Senior Data Engineer
£545.00 per day Umbrella
London (Hybrid)
6 Month Contract
Our client is currently searching for a Senior Data Engineer to join their team in London. If you are interested in this role, please do not hesitate to apply!
In this role you will:
• Execute migration of raw and derived unstructured datasets (images, videos, etc) between on-prem and cloud data locations (e.g. GCP, Azure, AWS). Datasets magnitude vary between small scale (Gb) up to large scale (Tb).
• Ensure consistency between the data ingested and the data manifests.
• Organise raw and derived data into appropriate hierarchies.
• Collaborate with AI/ML engineers and product managers to
o Develop data pipelines for incoming batch data and update existing pipelines where necessary.
o Design and implement well decoupled, modularized, reusable, and scalable scripts and code for the retrieval and pre-processing of large-scale histopathology images into the AI/ML pipeline (i.e. each one with order of magnitude of gigabytes)
• Document data flows and ingestion pipelines, data use and re-use
• Implement data flows to connect operational systems, data for analytics and business intelligence (BI) systems (e.g. Power-BI)
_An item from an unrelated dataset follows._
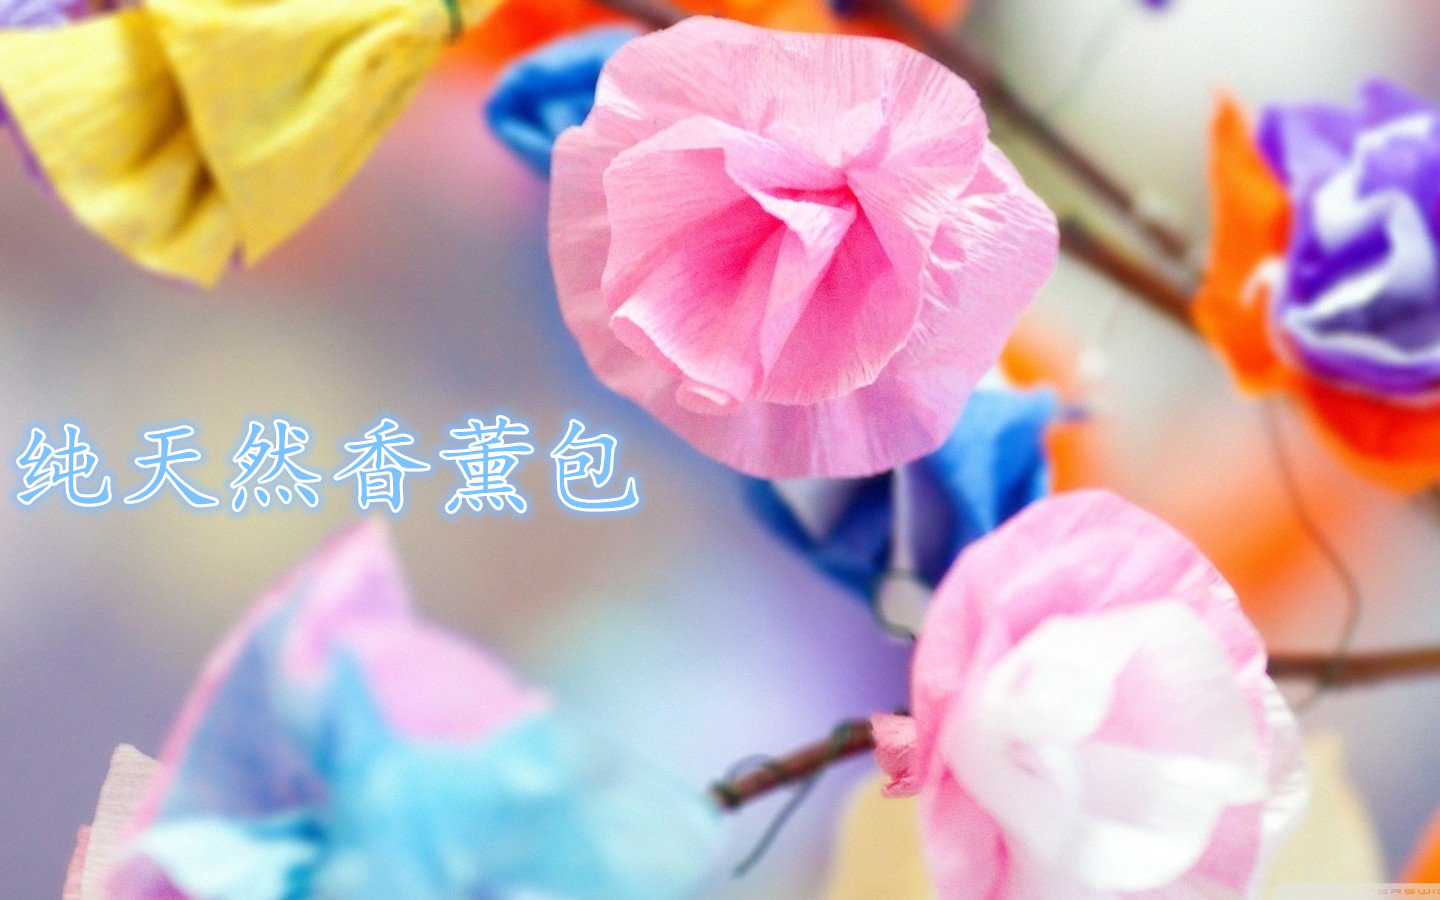 A family of aromatherapy manufacturers selling satin bow aromatherapy aromatherapy Fragrance Sachet bag bag: hyacinth violet Paris spring sky Caixia welcomed the crowd1

• Ensure completion of requisite documentation i.e. ingestion form and any related IHD documentation
• Track & report completion of data migration to AIML & Onyx stakeholders and raise blockers preventing migration.
[Non-comp path requirements]
• Migrate ML pipelines from on-prem HPC solutions to the cloud.
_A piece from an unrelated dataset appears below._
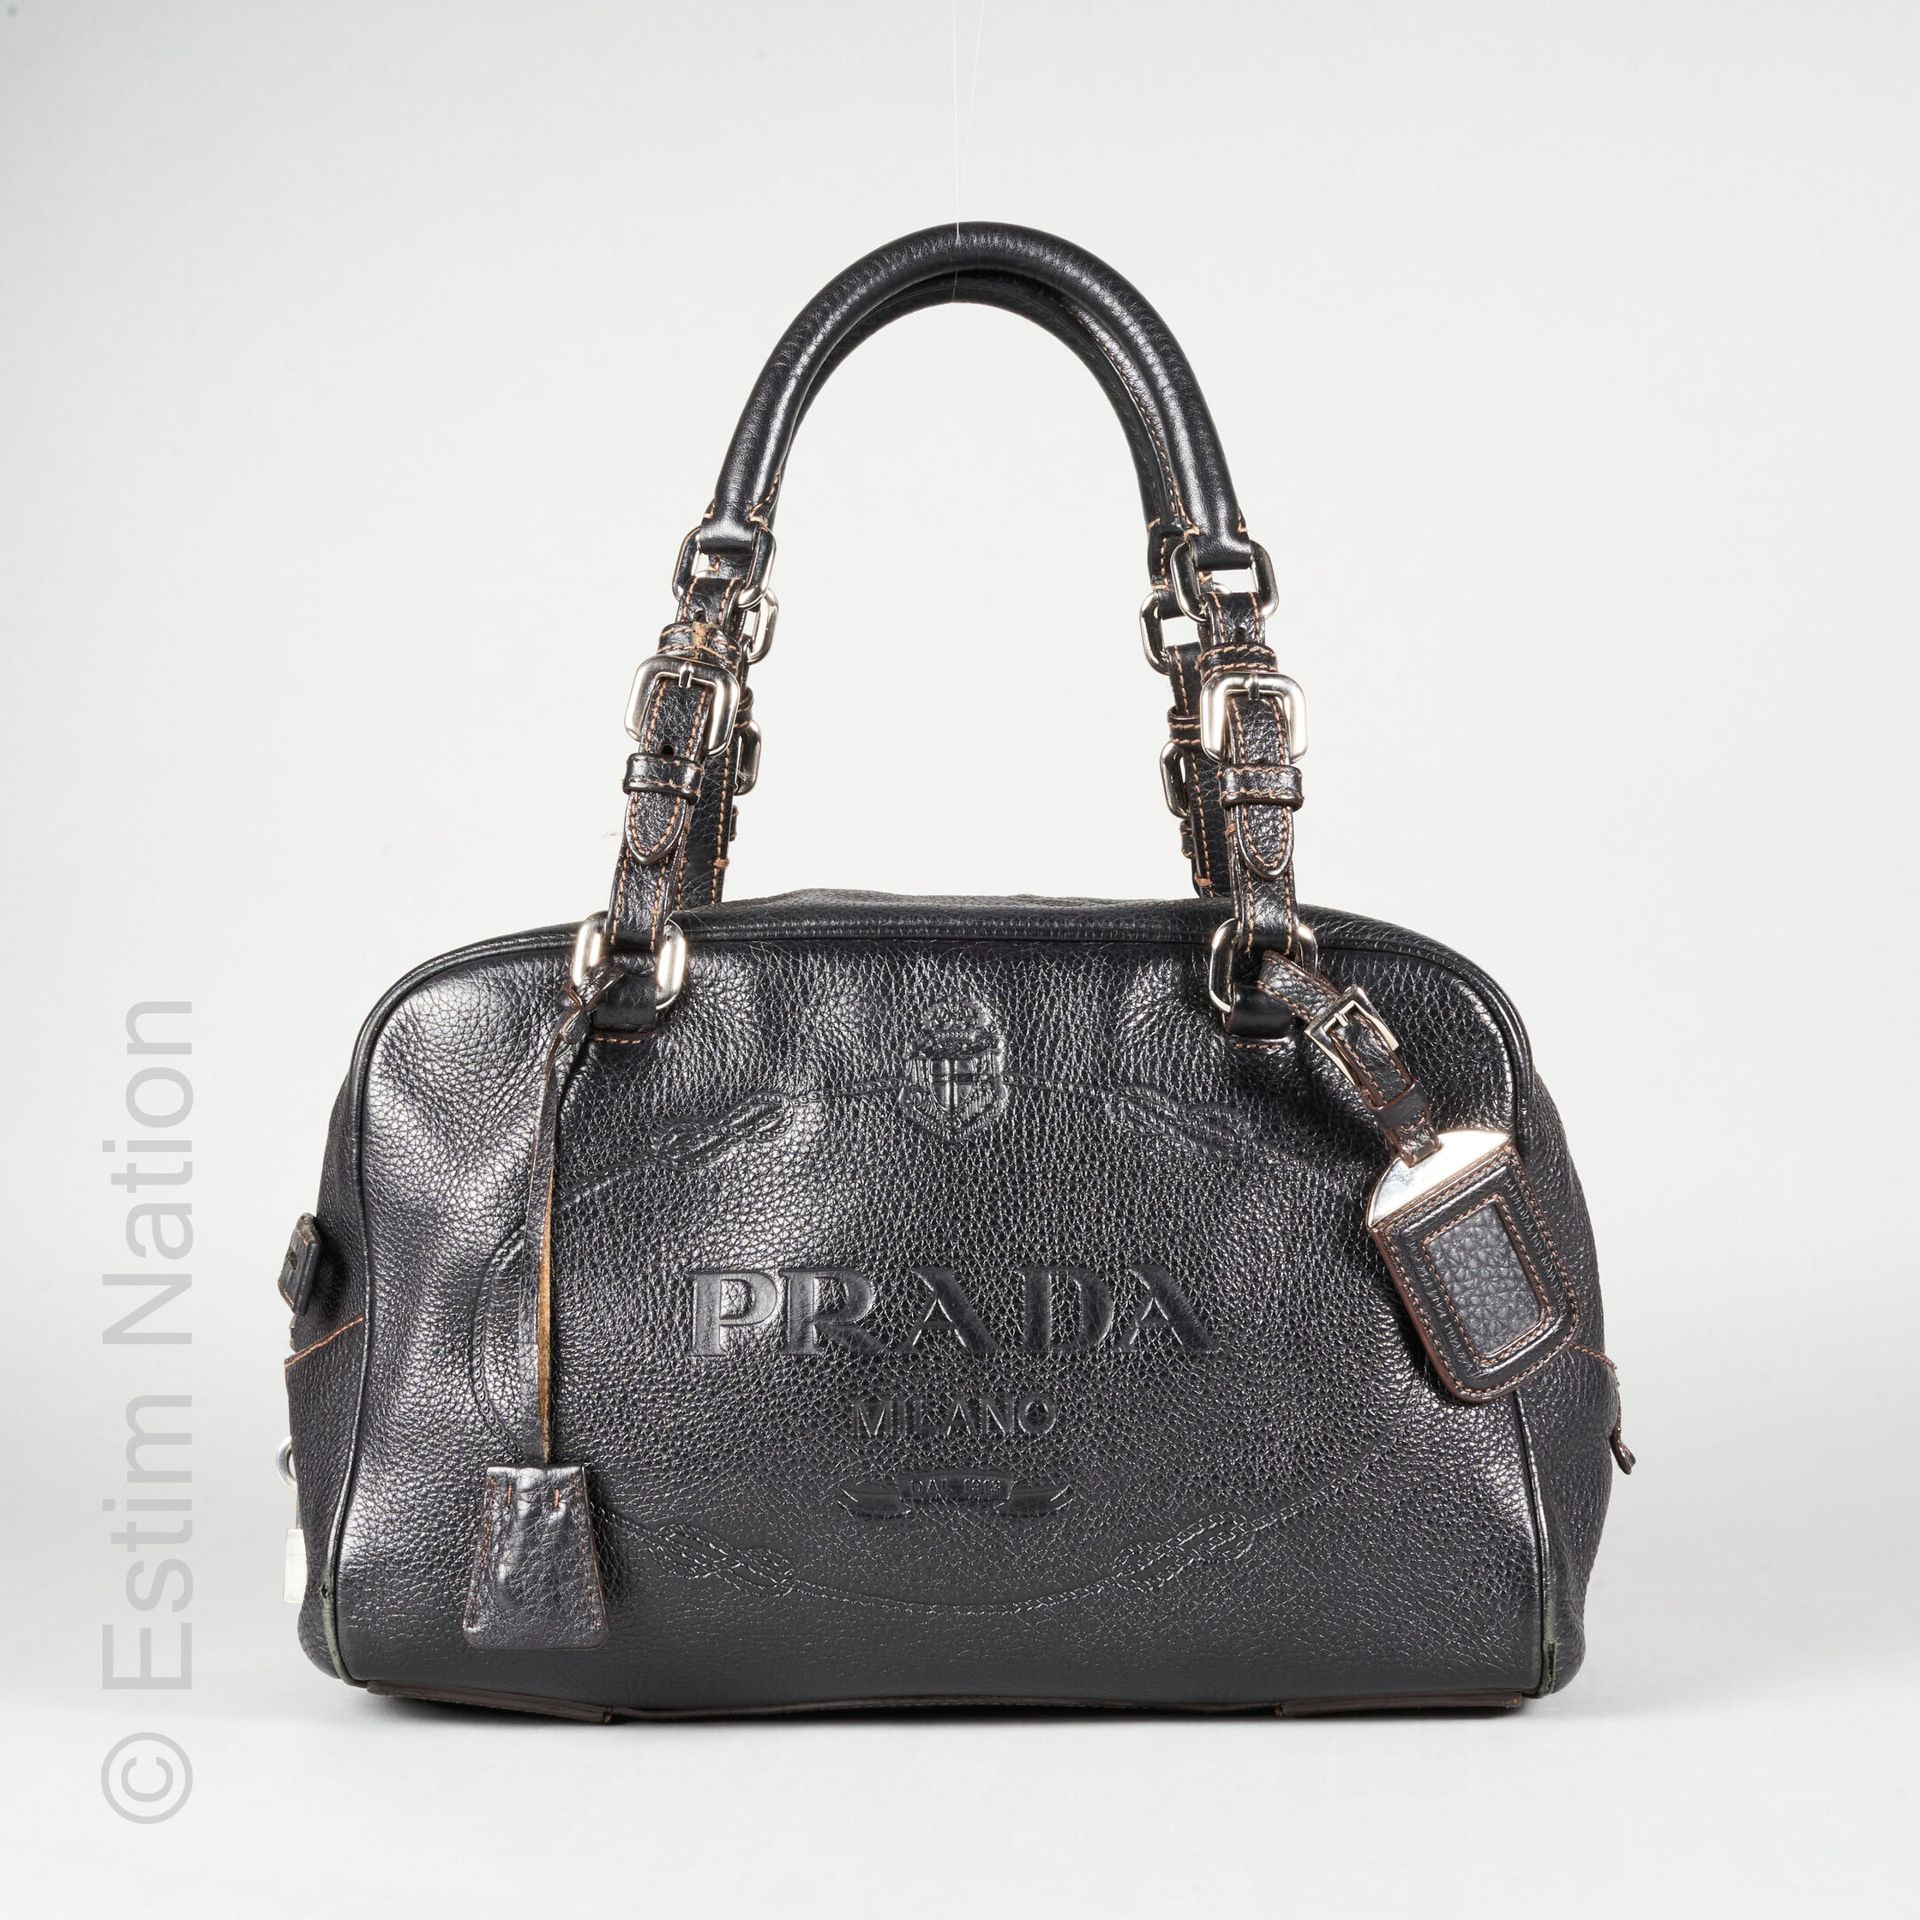 PRADA Rectangular bag in black grained leather stamped with the initials, signed&hellip;

• Migrate ML pipelines between cloud environments and across cloud computing providers.
• Optimise and parallelise said ML pipelines for scalability, speed and cost efficiency.
We are looking for professionals with these required skills to achieve our goals:
• 5+ years of work experience as a professional data/software engineer.
• Experience with large-size images and data formats for computational pathology(e.g. .svs, .tiff, .h5).
• Advanced programming expertise in Python and in developing and delivering robust software solutions.
• Machine learning experience / background
• CICD experience
• Expert level and industrial experience in design, development and deployment of data engineering pipelines.
• Experience with cloud platforms, such as Google Cloud Platform, Azure, AWS (preference GCP)
• Experience in handling big data at scale.
It would a plus if you:
• Expertise in SQL and/or similar database languages.
• Experience with business intelligence platforms, e.g. Power-BI
Please note, due to the high volume of applications we are only able to respond to the successful candidates in the first instance. Thank you for your interest in this role.